Data section >>

^^^^^^^^^^^^^^^^

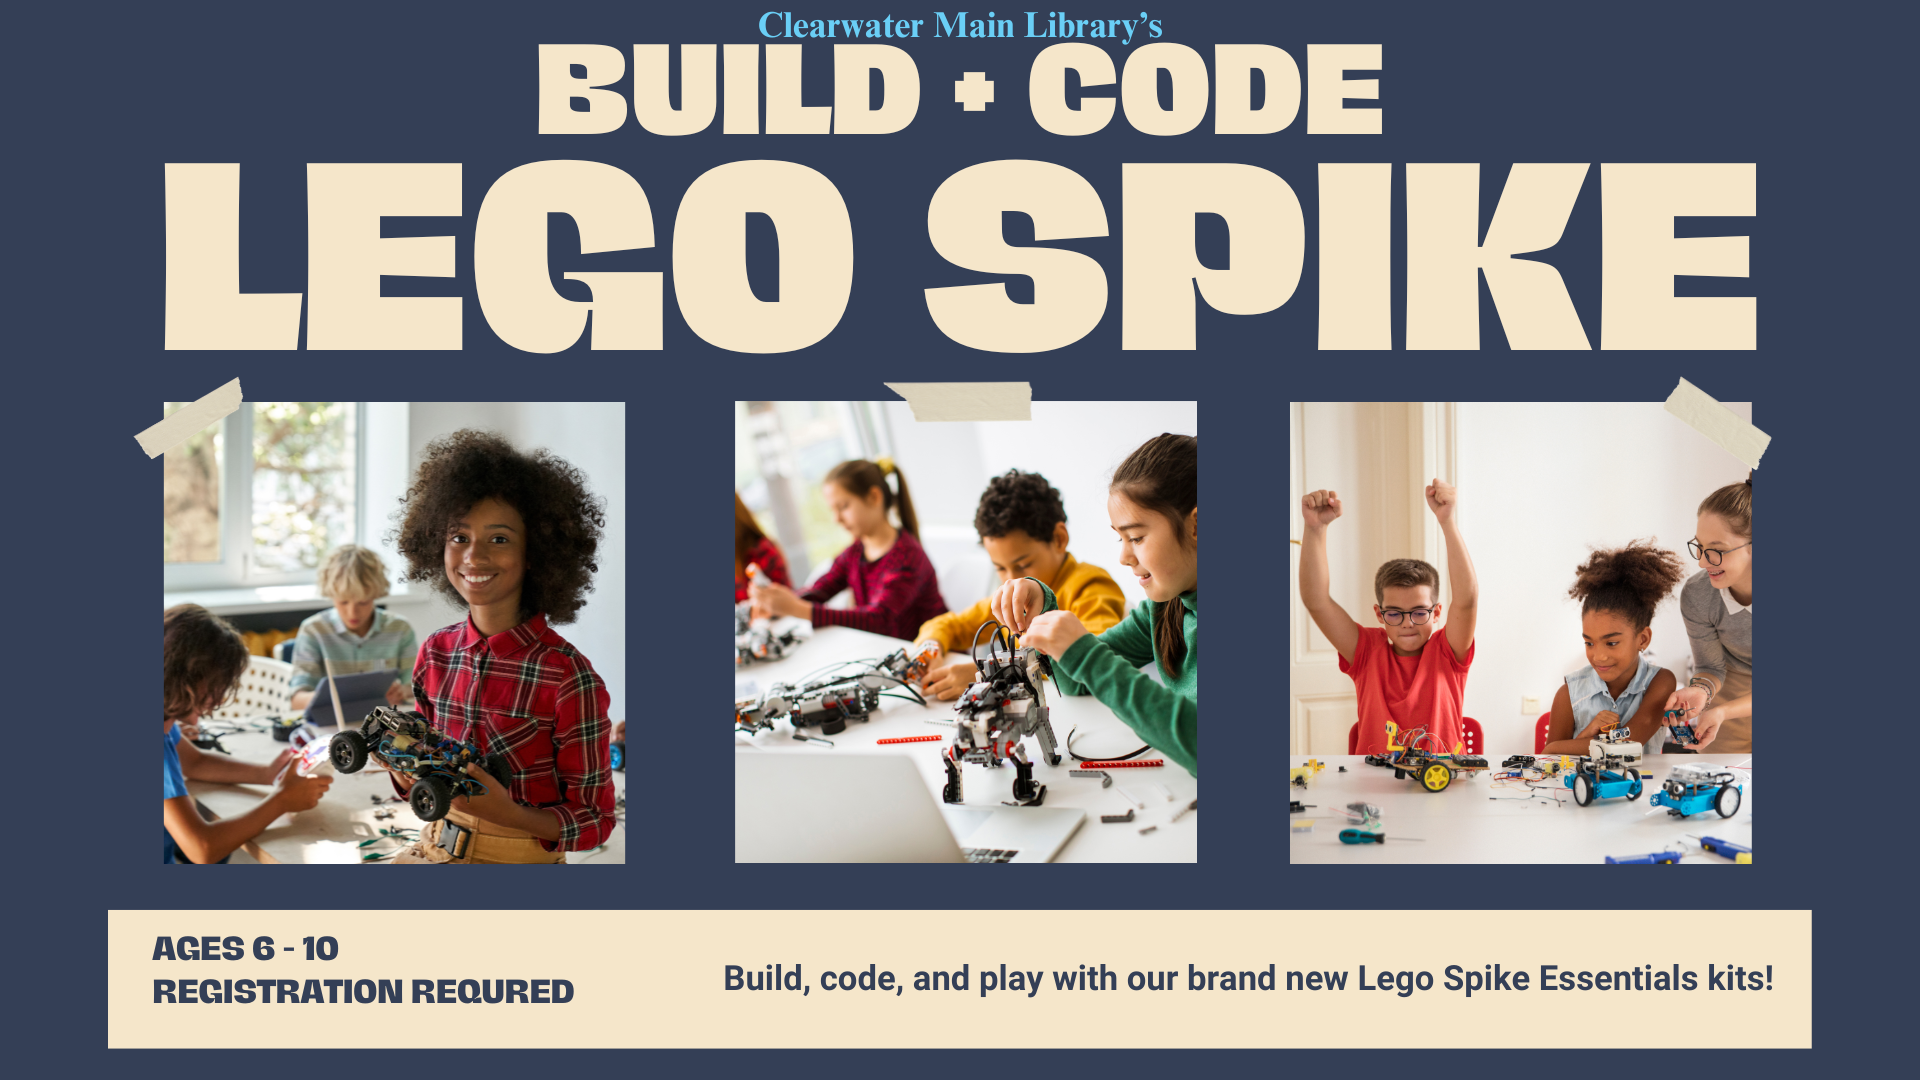 Build, code, and play with our brand new Lego Spike Essentials kit. Registration is required. For ages 6-10.
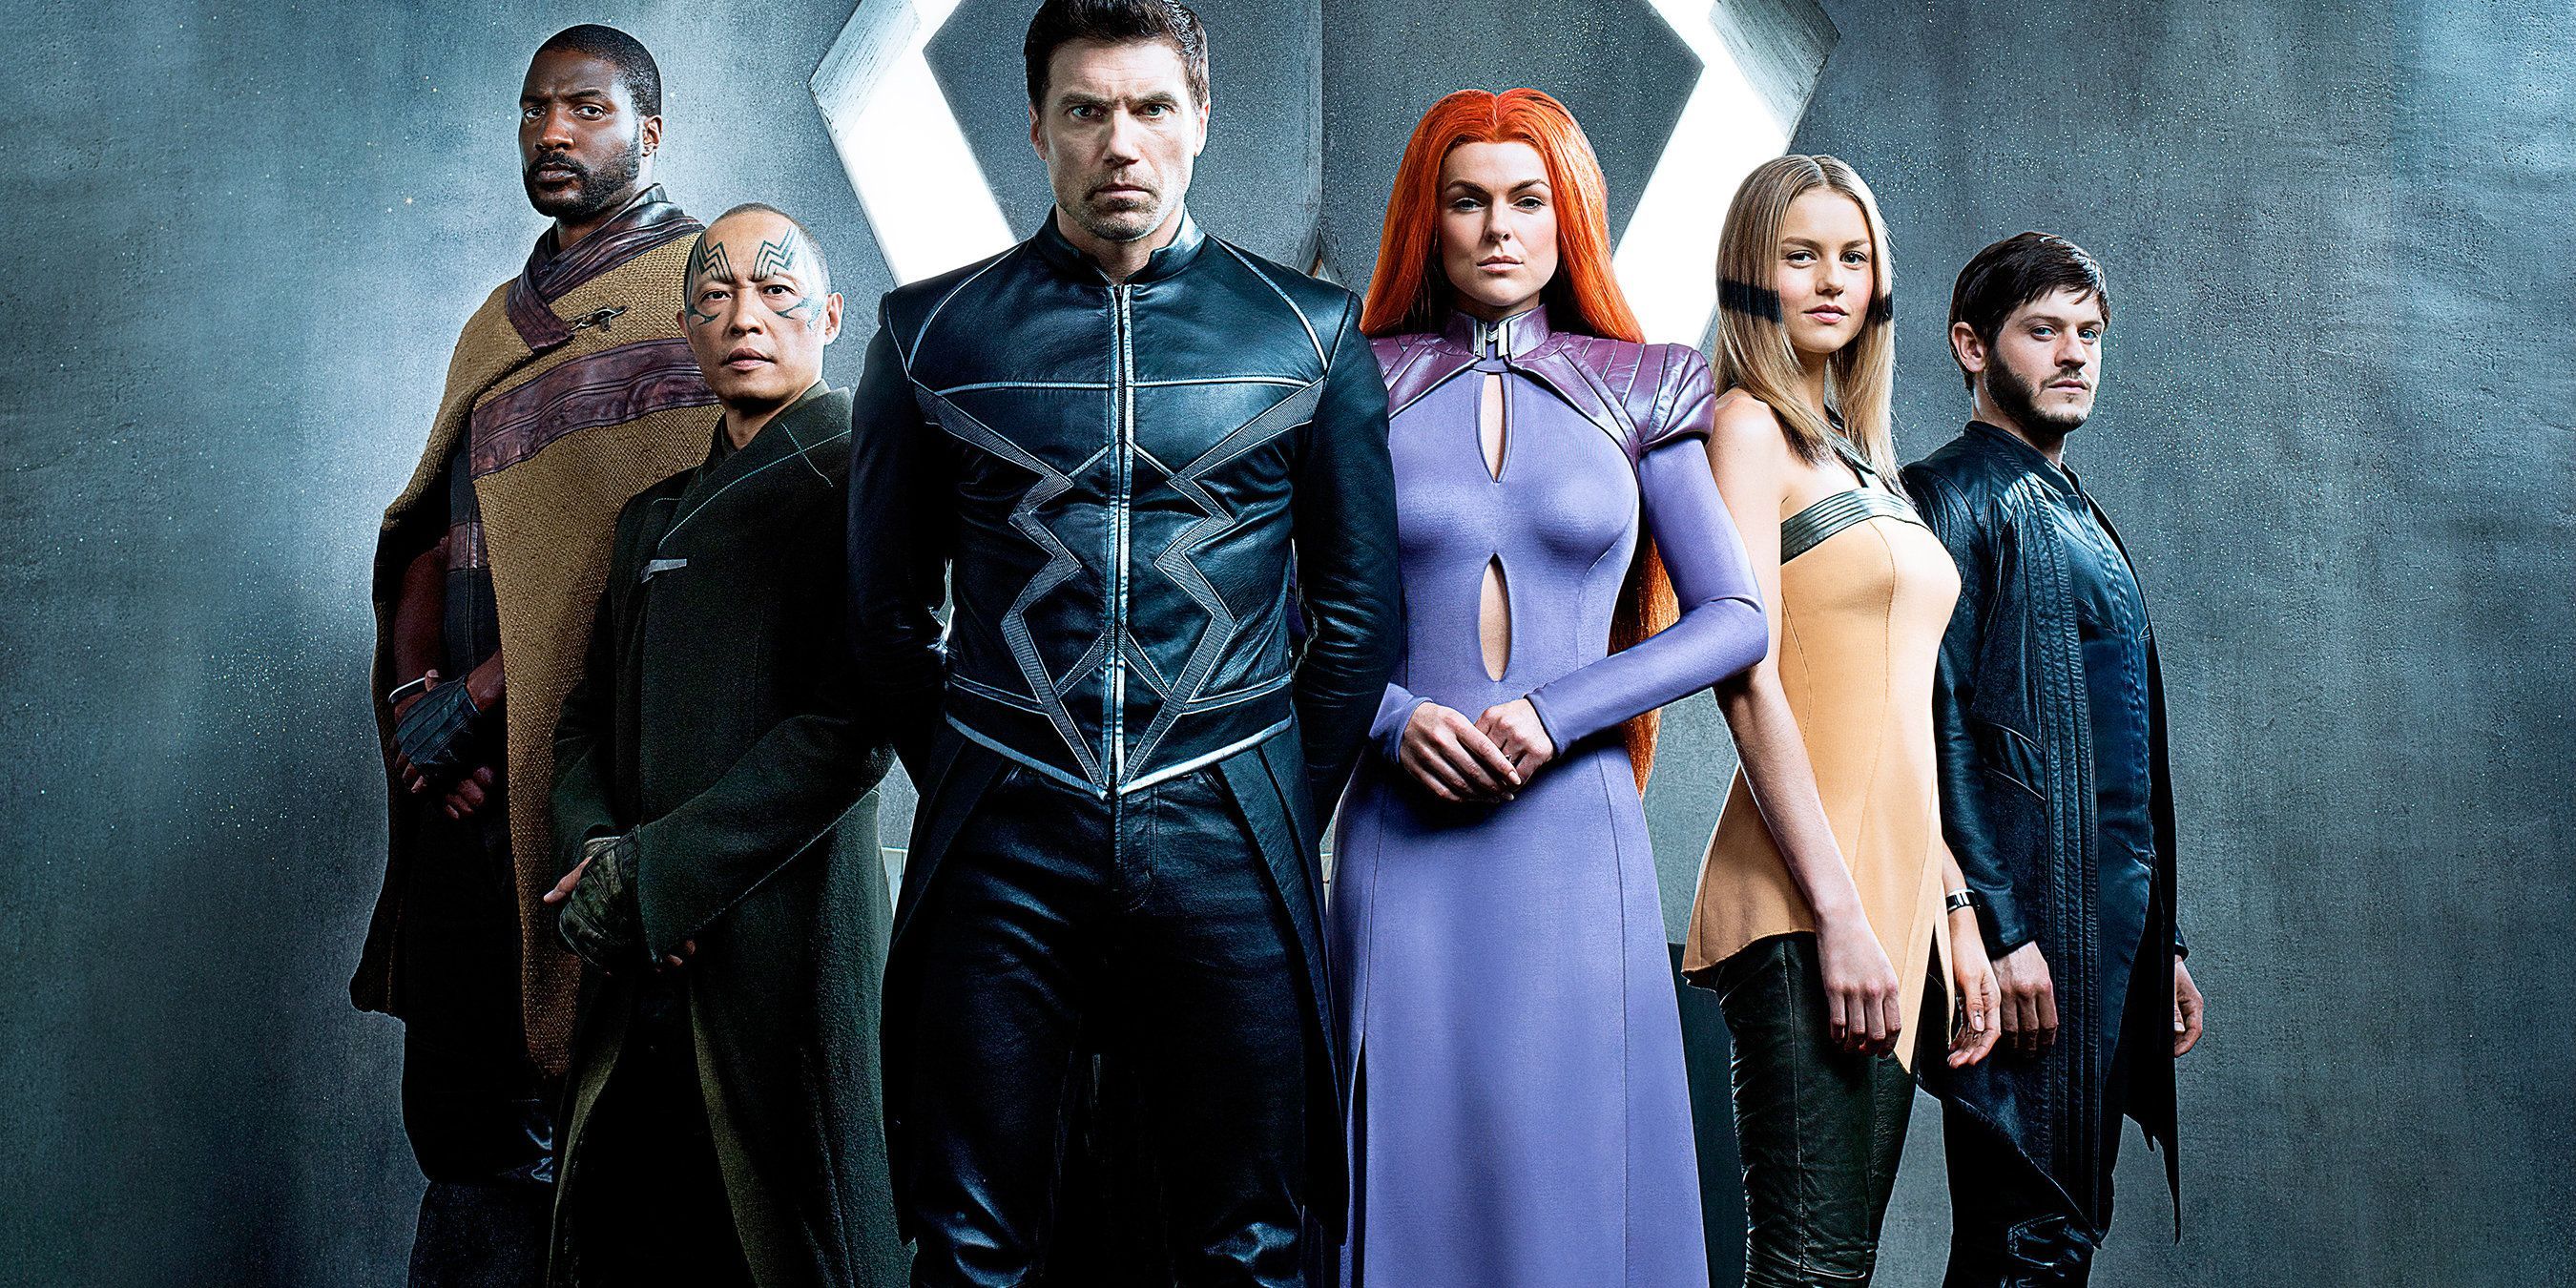 The Inhuman Royal Family from Marvel's Inhumans
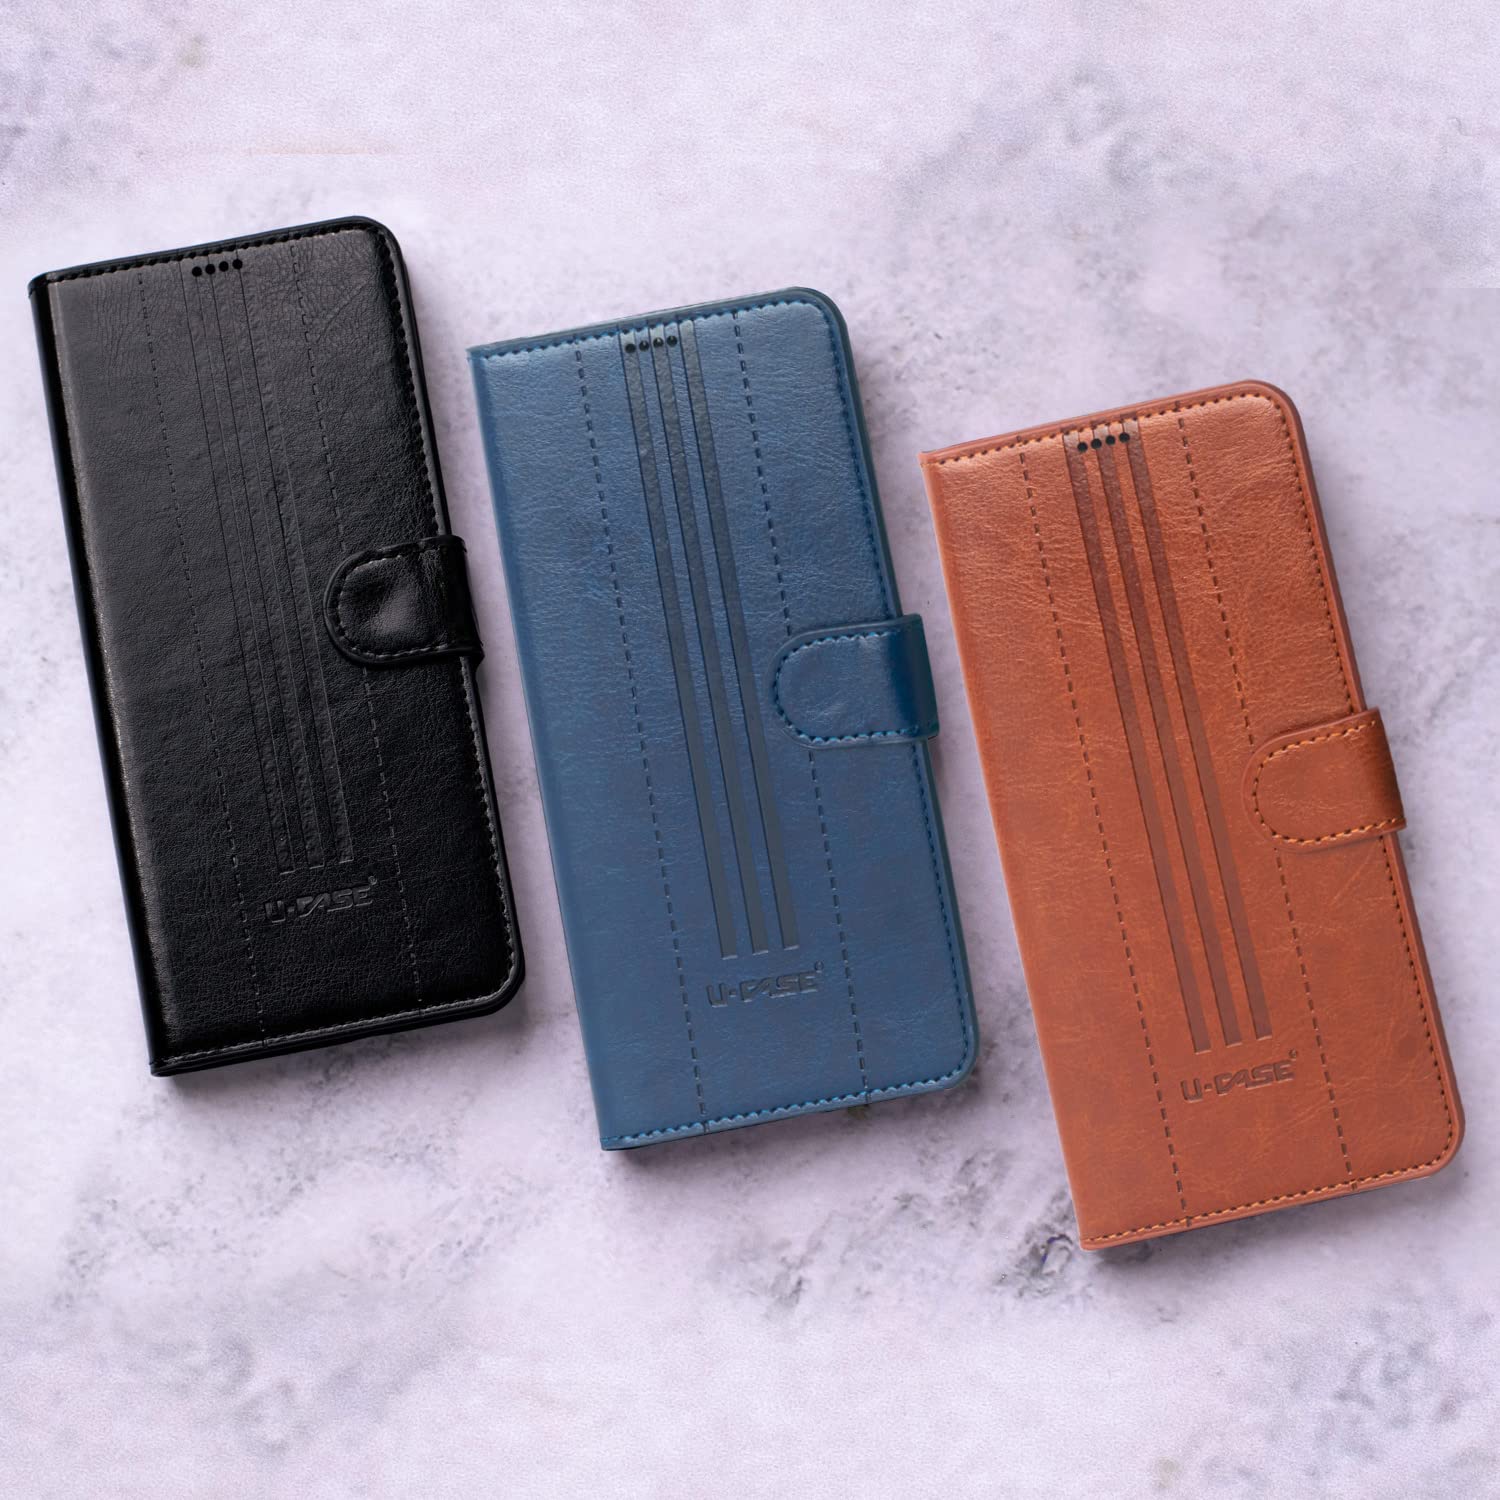 Shop U-CASE Flip Cover for Oppo A31 Vegan Foldable Stand & Pocket Magnetic Closure colors

^^^^^^^^^^^^^^^^

Try it >> Reproduce all lines above exactly. Leave the images out.

Answer space >>
 Build, code, and play with our brand new Lego Spike Essentials kit. Registration is required. For ages 6-10.
 The Inhuman Royal Family from Marvel's Inhumans
 Shop U-CASE Flip Cover for Oppo A31 Vegan Foldable Stand & Pocket Magnetic Closure colors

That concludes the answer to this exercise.